We pulled a report for a brand recently. Established product, two years on Amazon, healthy ACoS across every campaign. What we found underneath it was that their organic rank had dropped four positions on their main keyword over six months. The revenue they were attributing to their ads? A significant chunk of it was sales they used to get for free. They weren't scaling. They were paying for ground they'd already owned.

In this episode, I break down why ACoS alone is the wrong target, what TACoS actually tells you that ACoS can't, and how to read your own numbers to figure out which side of this problem you're on. A brand with 18% ACoS and 22% TACoS is in trouble. That gap is too small. The same brand at 18% ACoS and 9% TACoS is healthy. ACoS can't tell them apart. TACoS can.

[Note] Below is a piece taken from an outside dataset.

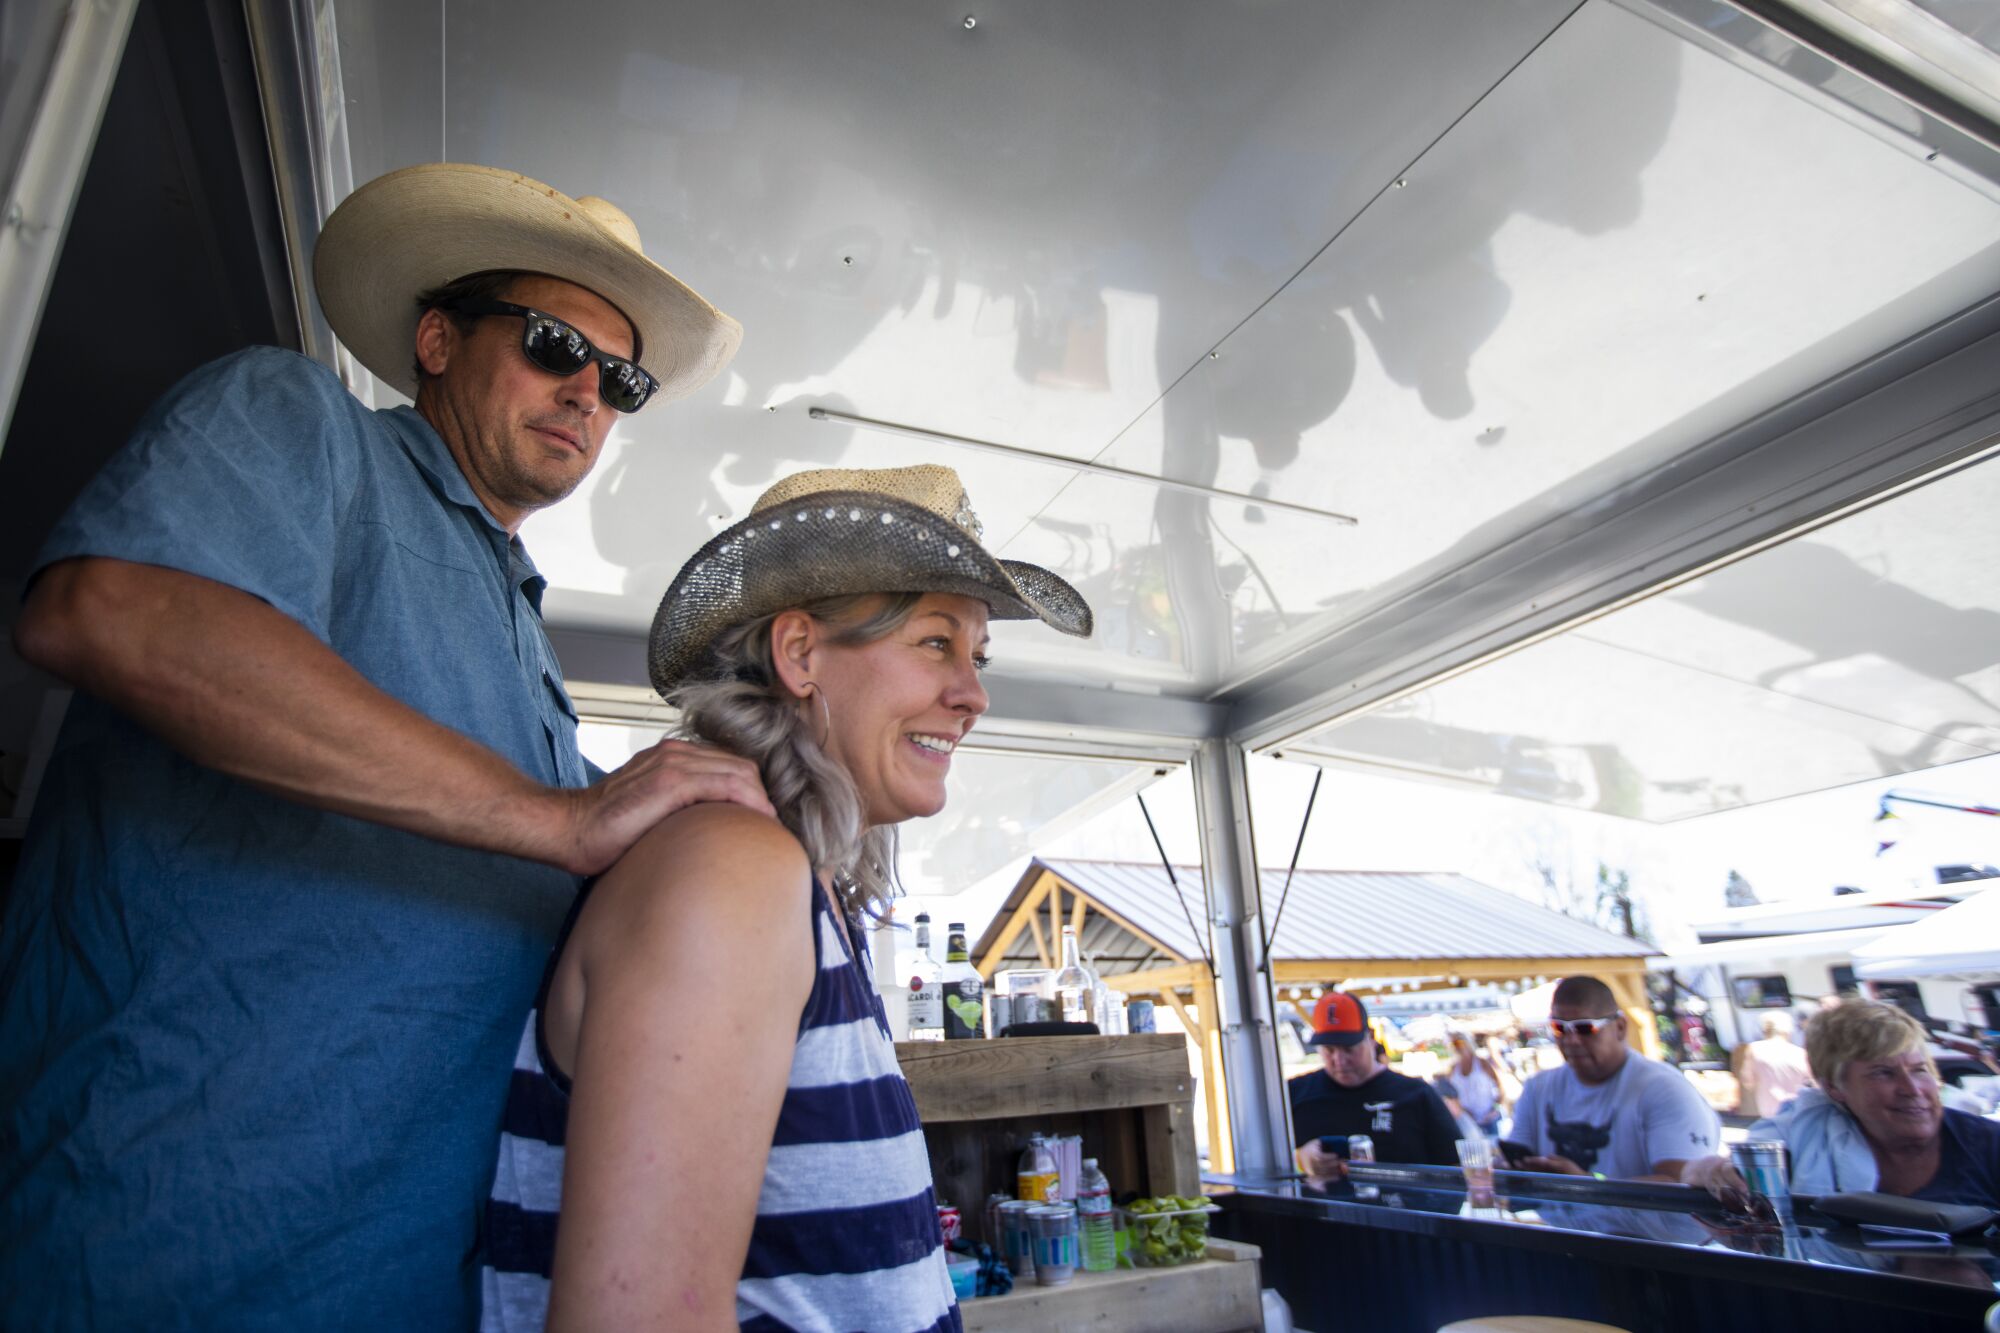 Kevin Goss, left, and his girlfriend Kira, right, operate a mobile bar during the Gold Digger Days celebration
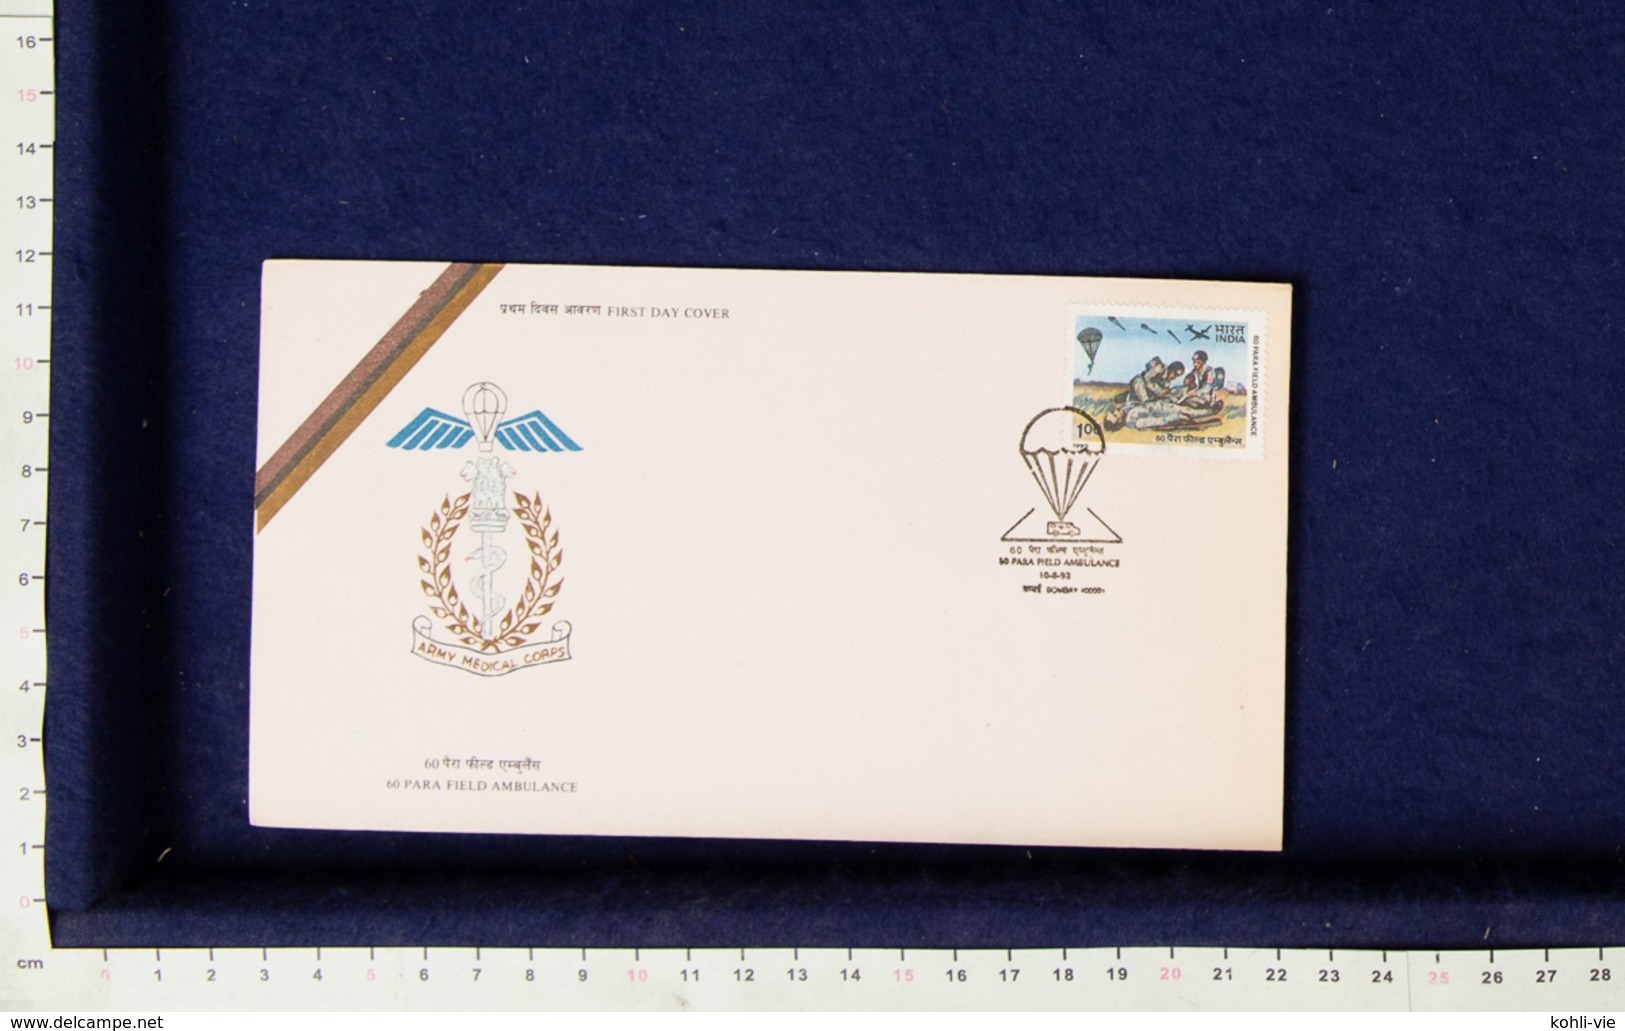 FDC 60 Para Field Ambulance - INDIEN INDIA 1993 (A077) - FDC

I walk through TACoS benchmarks by product stage: 25-40% at launch, 15-25% in growth, 8-15% at maturity. I cover how organic cannibalization works, where you're bidding aggressively on keywords you already rank for organically, your ad captures the click, your organic conversion rate drops, and over six months your rank drifts down one position at a time with no obvious inflection point. ACoS still looks fine. TACoS is creeping up. And you have no idea it's happening.

There's a two-minute calculation using your existing reports that tells you immediately whether your ad strategy is building your business or just replacing it. I show you exactly how to run it and where to redirect budget when ads are competing with your own organic listings.